Other homemade flavored gins fell out of favor as the modern 20th century progressed, but sloe gin somehow survived, moving from home kitchen to commercial distiller. Plymouth Sloe Gin first appeared in 1883 and has long been a standard-bearer in the category. “Sloe Gin Wins Following with Peculiar Flavor,” read one 1936 headline from The Sacramento Bee. (“Sloe gin drinks have attained unusual popularity in Sacramento,” the article noted, “partly because of the berry tang this type of liquor possesses.”)

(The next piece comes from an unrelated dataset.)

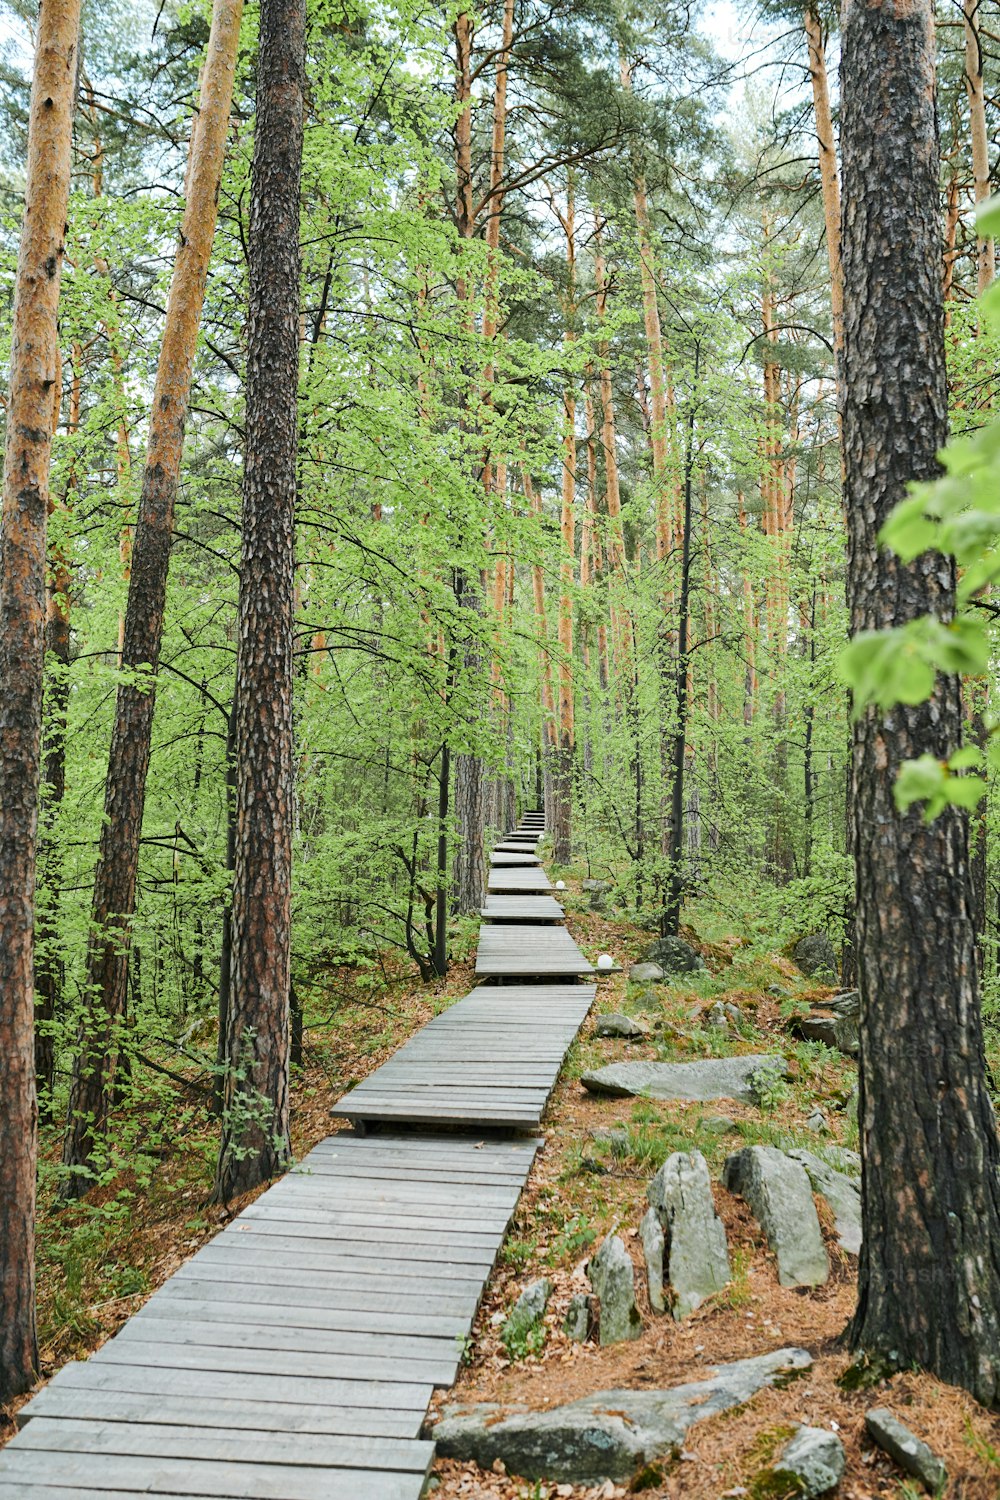 Long chemin dans la forêt composé de planches de bois entourées de pins et de pierres un jour d’été
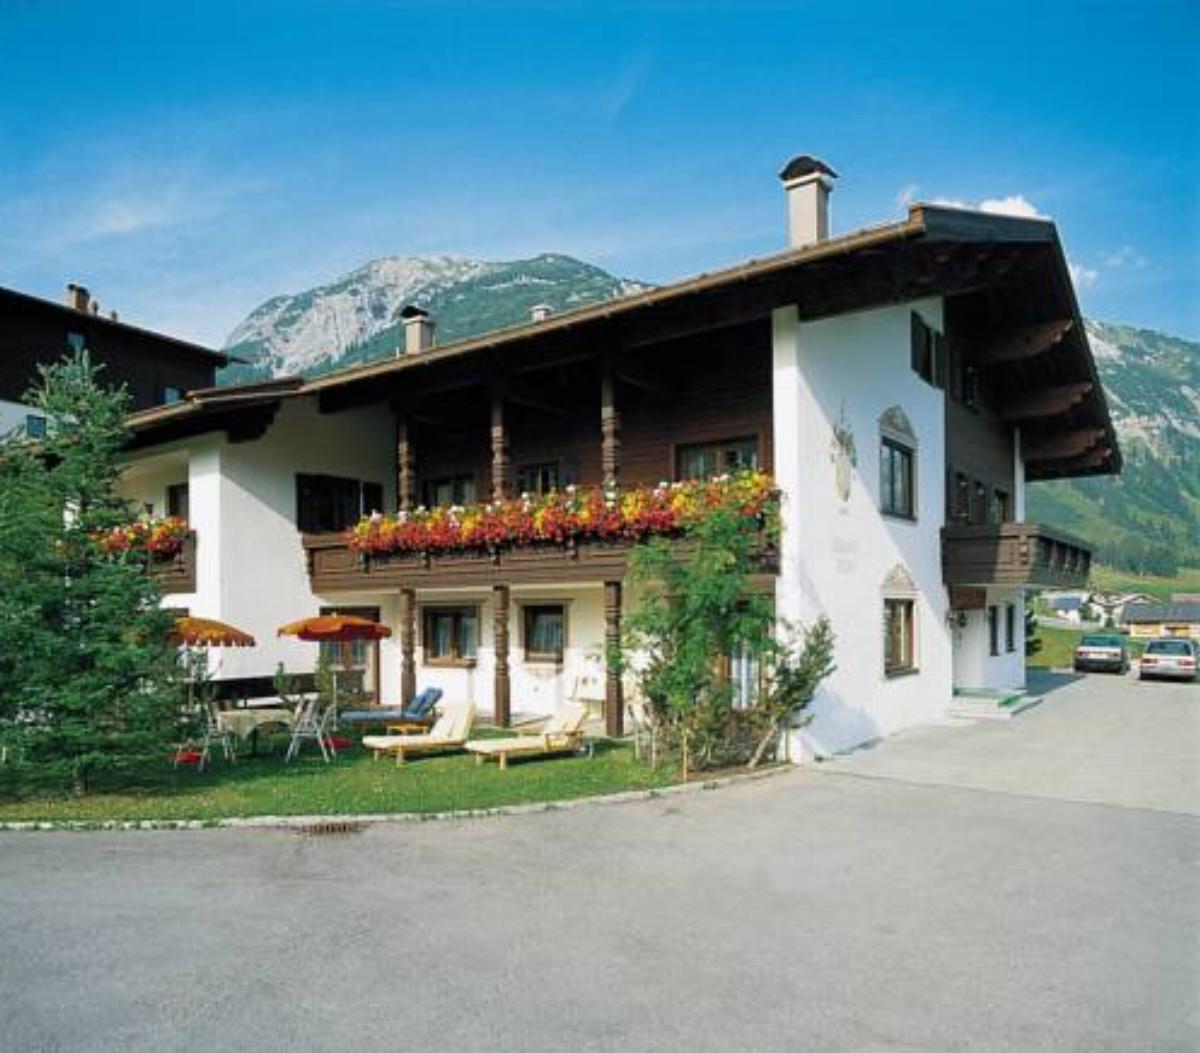 Chalet Hilde Hotel Lech am Arlberg Austria

Sloe gin has since weathered peaks and valleys, although mostly it has lingered in valleys, fiercely loved by few and ignored by everybody else. It has never been celebrated with fireworks but has rather been a lone sparkler in the gloaming, never sputtering out but never emitting enough light to cast a shadow. For generations, it has been largely relegated to ankle-height shelves at liquor stores.

The craft cocktail revival and its embrace of all liquors antiquated and extinct have fueled a modest revival. Plymouth Sloe Gin was revived in the late 1990s, and in 2004, craft cocktail pioneer Audrey Saunders wrote that she eagerly awaited its U.S. arrival (which didn’t come until 2008), adding that it’s “a fantastic winter warmer on its own and wonderful in a cocktail such as the Bramble.” Distillers such as Hayman’s, Sipsmith, Spirit Works, Fords, and Monkey 47 have released their own sloe gins.

When the Kentucky Derby rolls around this spring, I’d urge you to consider an alternative to the regal but weary Mint Julep to elevate your viewing pleasure.

When the Kentucky Derby rolls around this spring, I’d urge you to consider an alternative to the regal but weary Mint Julep to elevate your viewing pleasure. Yes, it may be sacrilege to cast bourbon aside in favor of what writer Kingsley Amis claimed was the “only all-English liqueur.” Yet Amis added that it was often drunk by riders “before going off to hunt the jolly old fox,” giving it a connection to a noble, equine past.

Also, I believe that a few sips of a Futurity will grant you visions of the future, which may well enable you to foresee the Derby’s winner. Enjoy your early retirement.